Retype the data exactly, skipping any picture in it.

Source material
[Start of section]

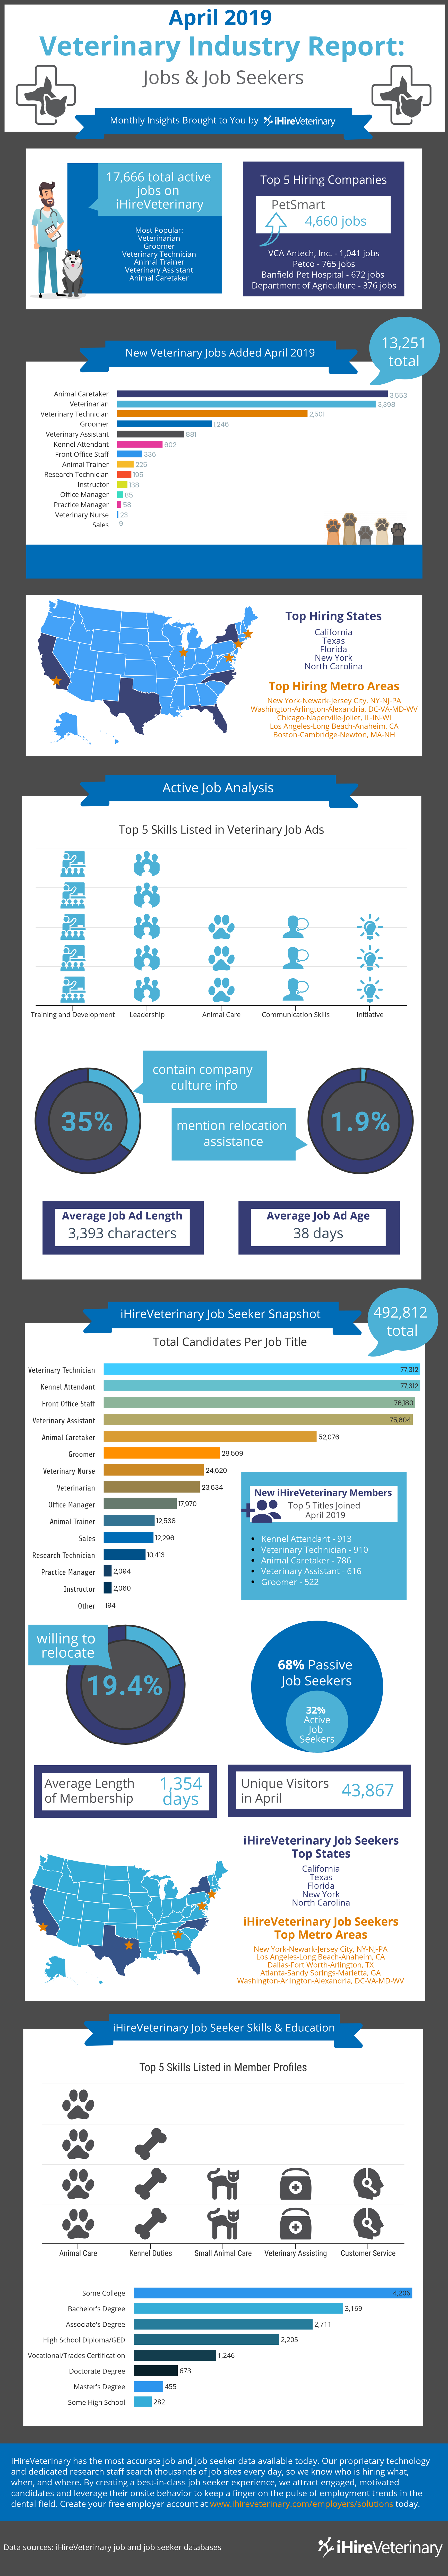 ihireveterinary april 2019 veterinary industry infographic
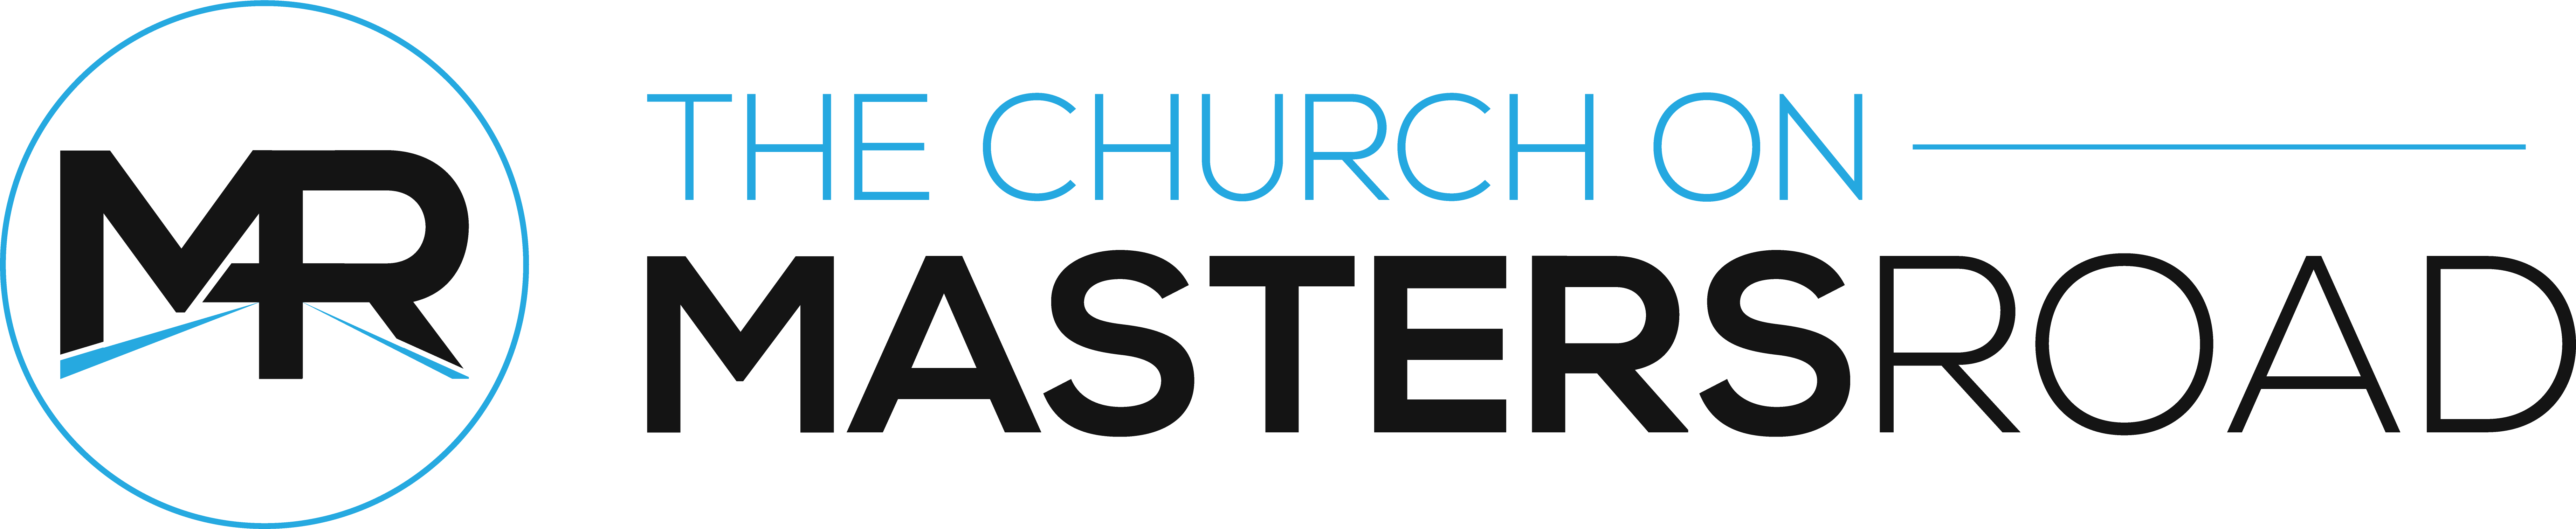 The Church on MastersRoad
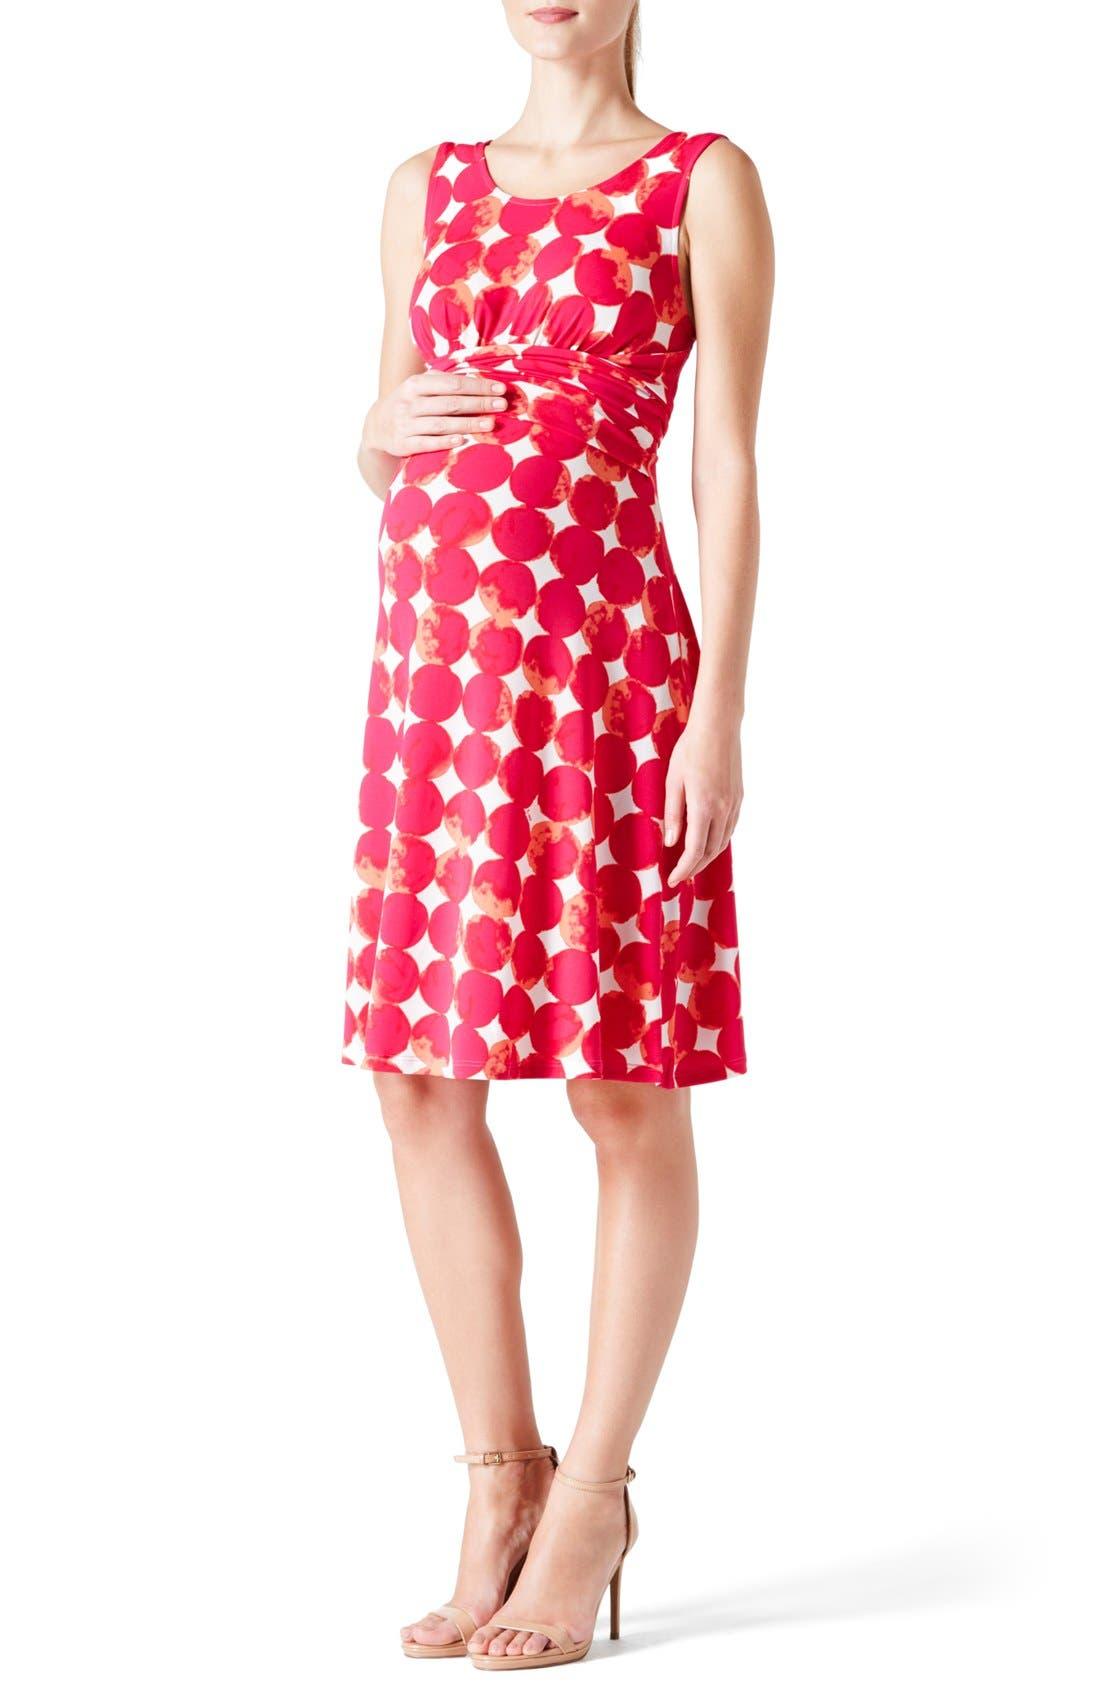 Leota 'Brittany' Sleeveless A-Line Maternity Dress

[End of section]

Solution
 ihireveterinary april 2019 veterinary industry infographic
 The Church on MastersRoad
 Leota 'Brittany' Sleeveless A-Line Maternity Dress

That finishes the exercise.